President of Maharashtrawadi Gomantak Party
- Incumbent
- Assumed office 2007

Member of the Goa Legislative Assembly
- In office 2007 – March 2017
- Preceded by: Vishwas Satarkar
- Succeeded by: Govind Gaude
- Constituency: Priol

Personal details
- Born: Pandurang alias Deepak Dhavalikar 14 May 1958 (age 68) Bandora, Goa, Portuguese India
- Citizenship: Portuguese (until 1961); Indian (from 1961);
- Party: Maharashtrawadi Gomantak Party
- Relatives: Sudin Dhavalikar (brother)
- Occupation: Politician

= Deepak Dhavalikar =

Indian politician

Pandurang alias Deepak Dhavalikar (born 14 May 1958) is an Indian politician who is a former two-term member of the Goa Legislative Assembly.
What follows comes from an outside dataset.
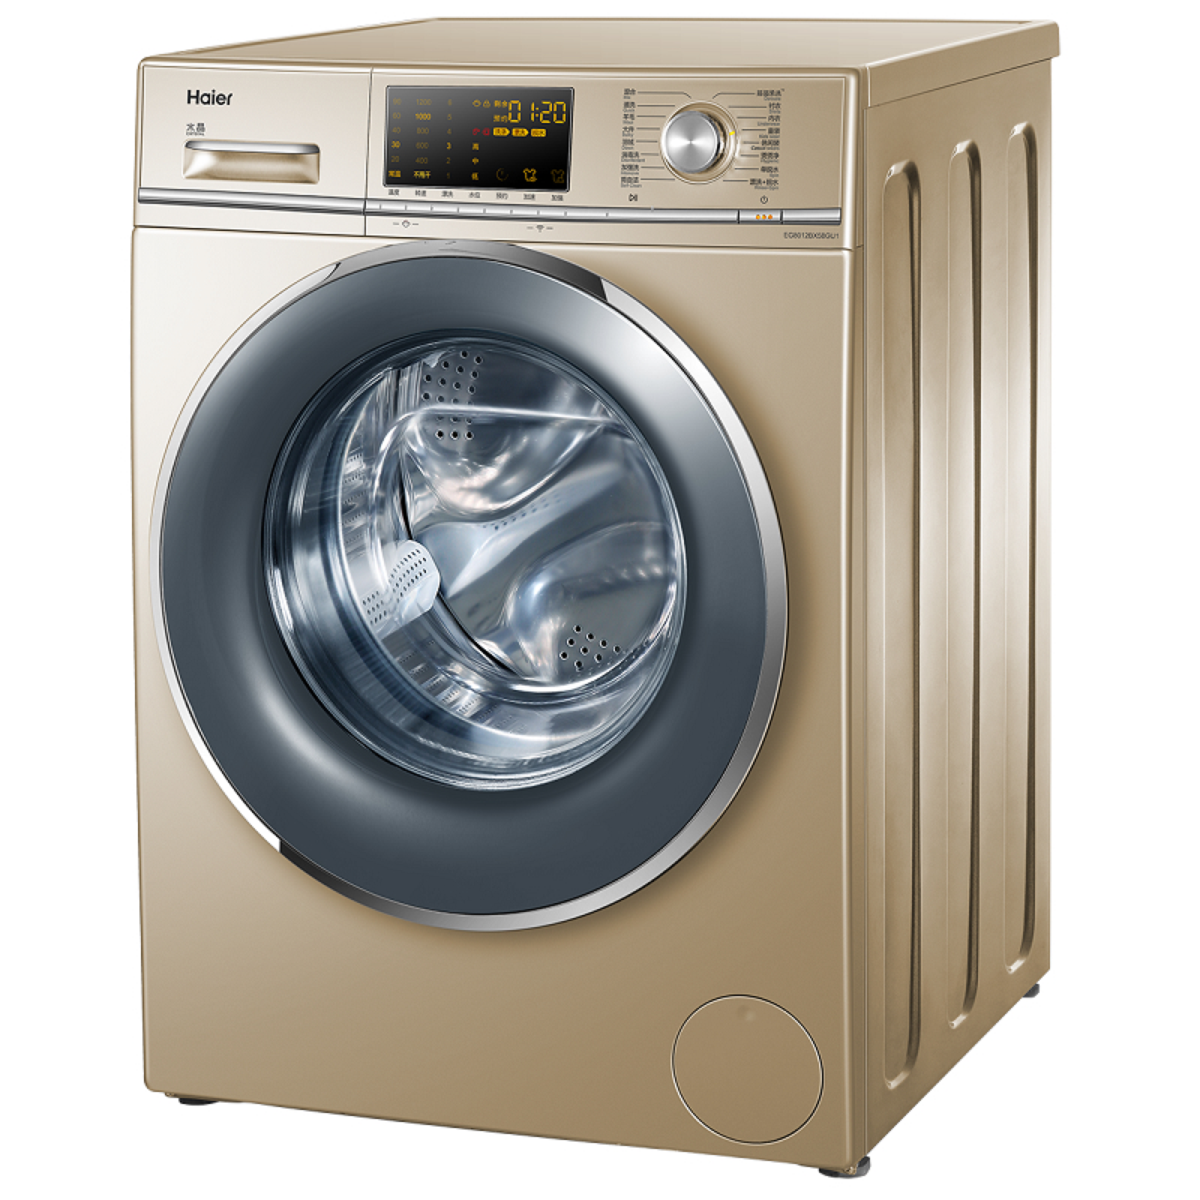 滚筒洗衣机和波轮洗衣机哪个洗得更干净？ - 知乎

He represented the Priol constituency from 2007 to 2017. Dhavalikar serves as the president of the Maharashtrawadi Gomantak Party (MGP) and has played key role in keeping the party alive in Goan politics. He was a cabinet minister in the Government of Goa for the period 2012–2016.

Dhavalikar is from the Maharashtrawadi Gomantak Party, Goa's first ruling party after the end of Portuguese rule in 1961. He was sacked from the Laxmikant Parsekar led government in Goa in December 2016.